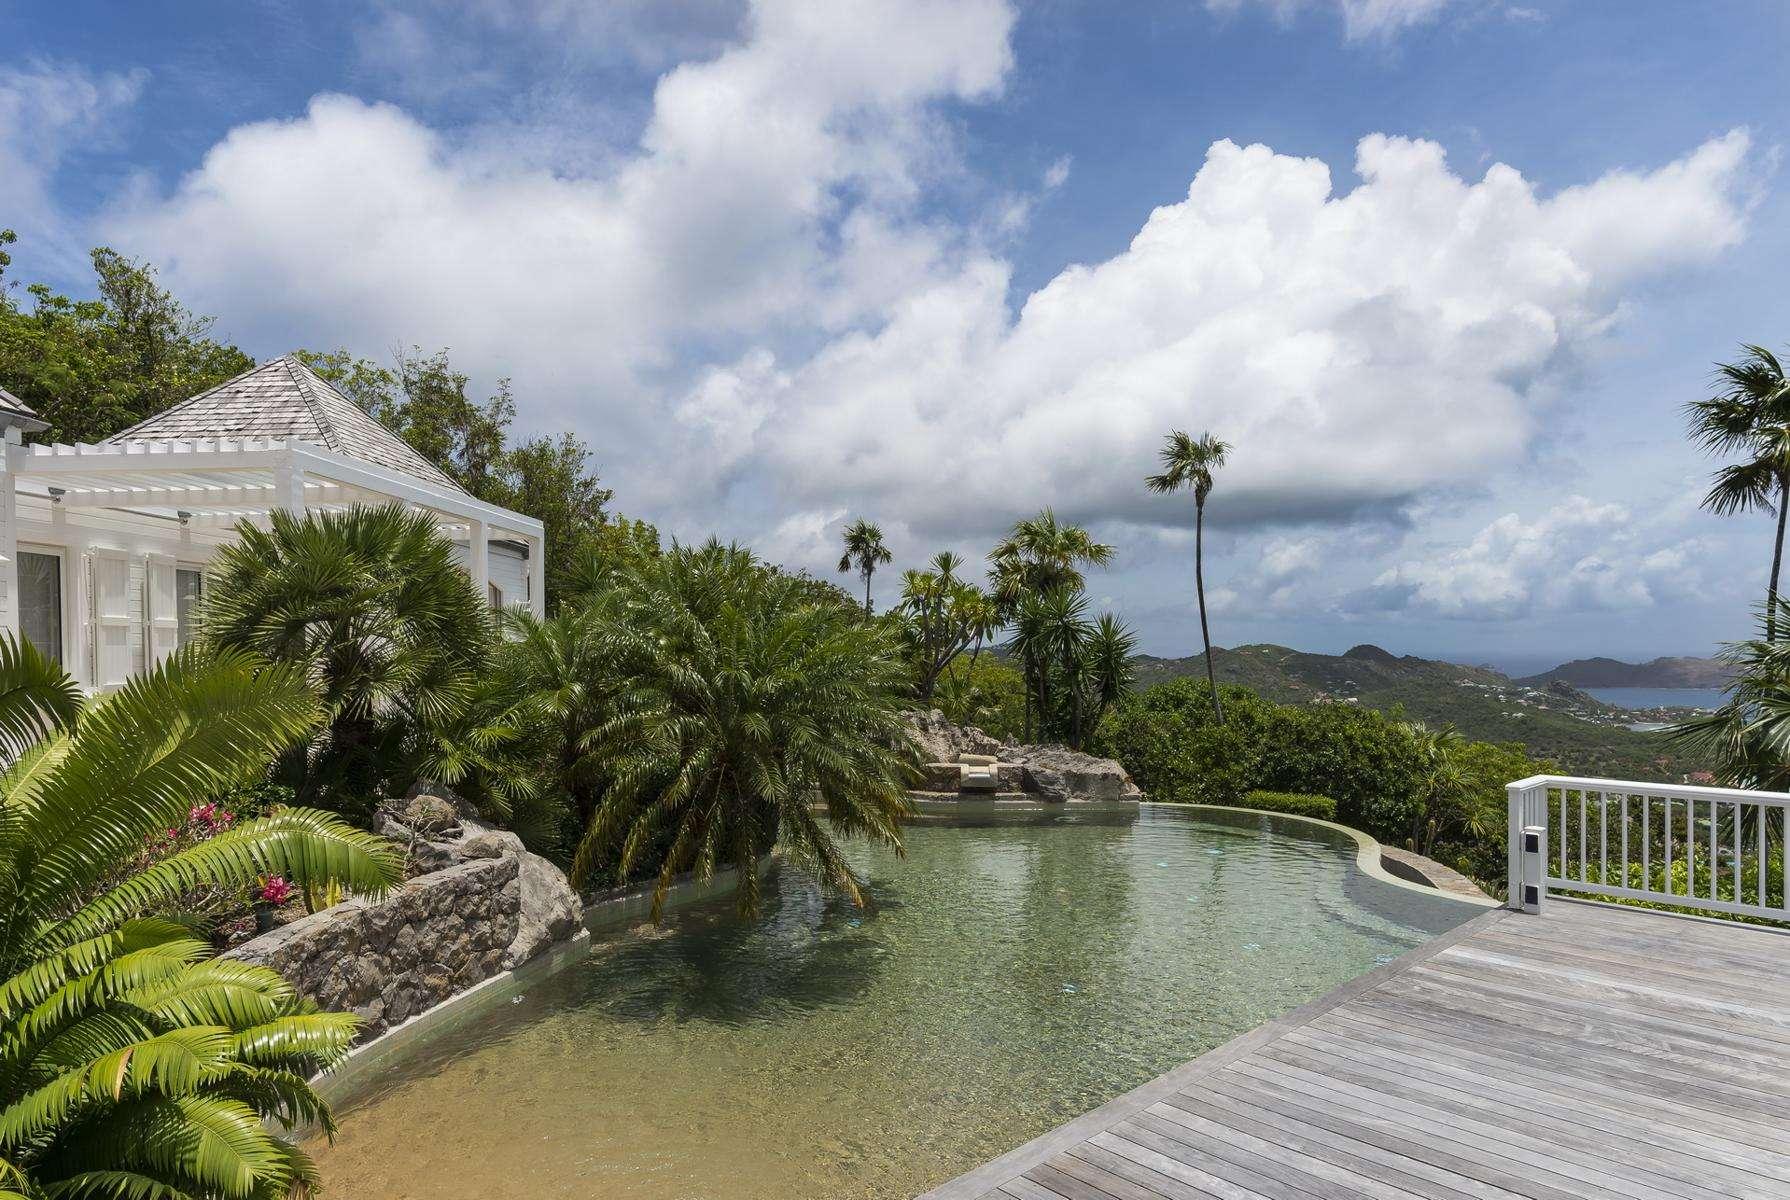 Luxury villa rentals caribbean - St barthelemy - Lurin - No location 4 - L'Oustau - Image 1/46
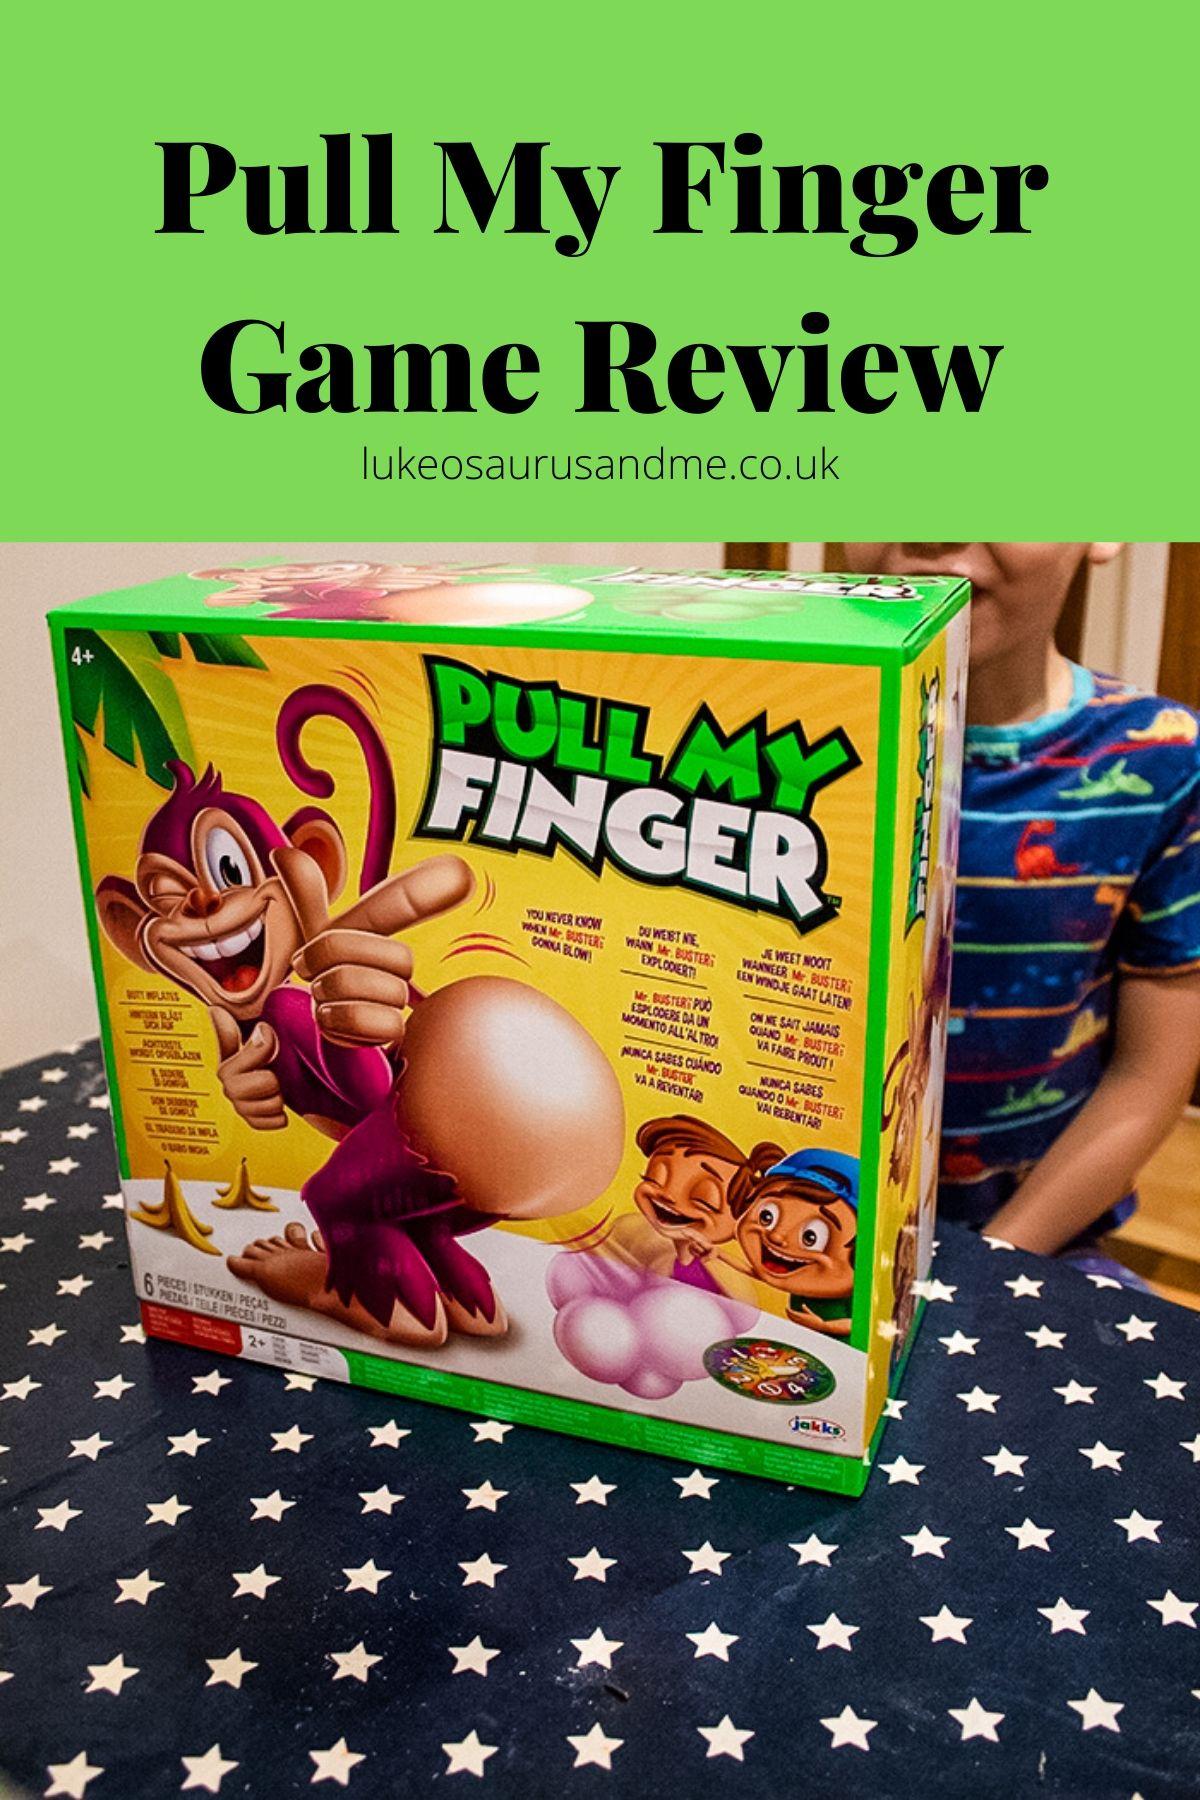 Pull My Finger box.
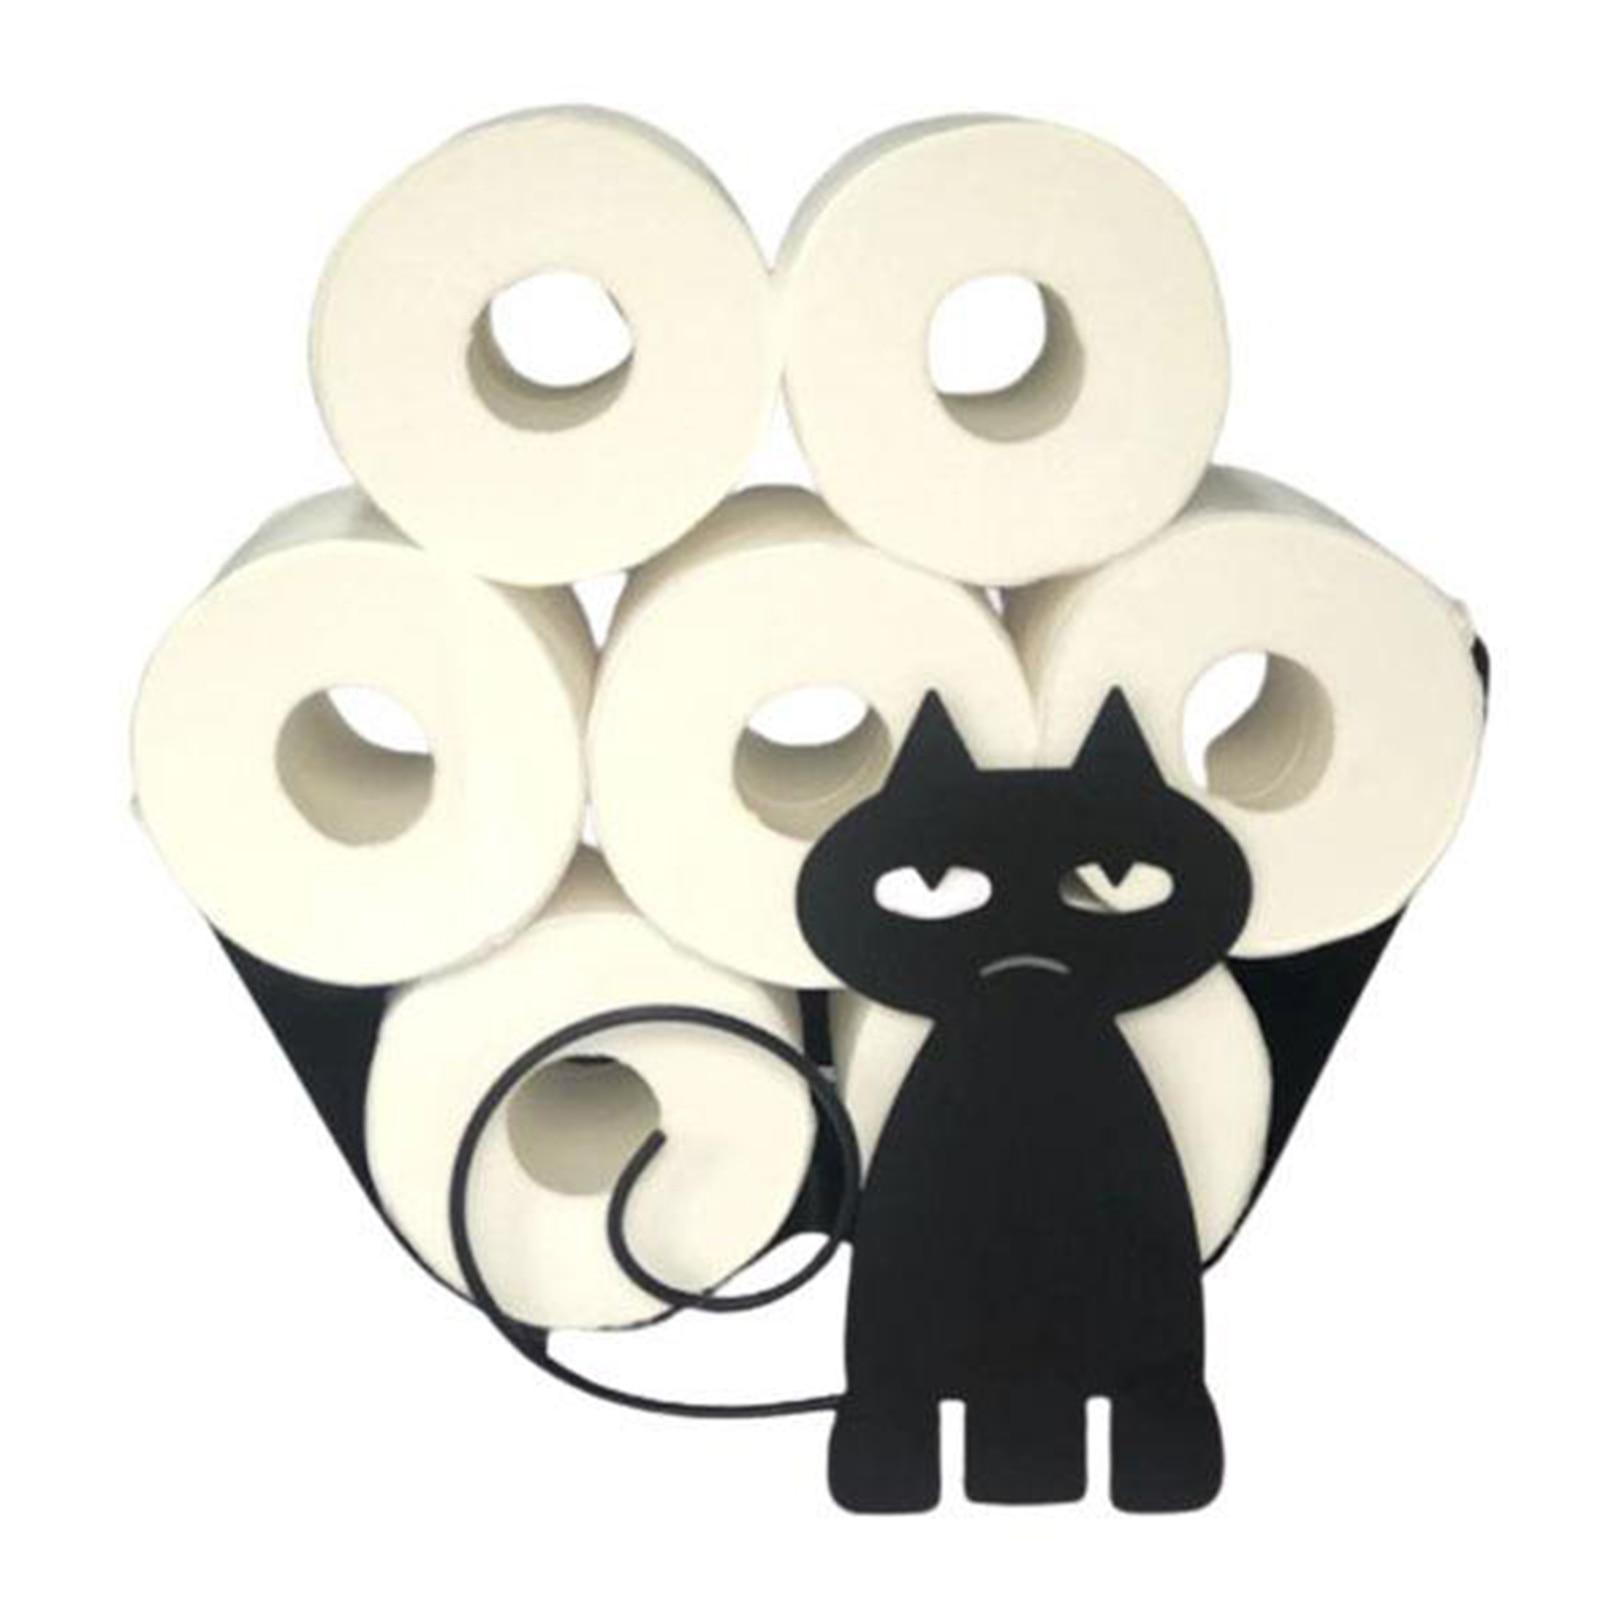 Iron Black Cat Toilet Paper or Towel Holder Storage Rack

----------------------------------------

[PROBLEM STATEMENT]: In the answer, all of the material should appear exactly as given, with no picture carried over.

[RESPONSE TO THE TASK]:
 Luxury villa rentals caribbean - St barthelemy - Lurin - No location 4 - L'Oustau - Image 1/46
 Pull My Finger box.
 Iron Black Cat Toilet Paper or Towel Holder Storage Rack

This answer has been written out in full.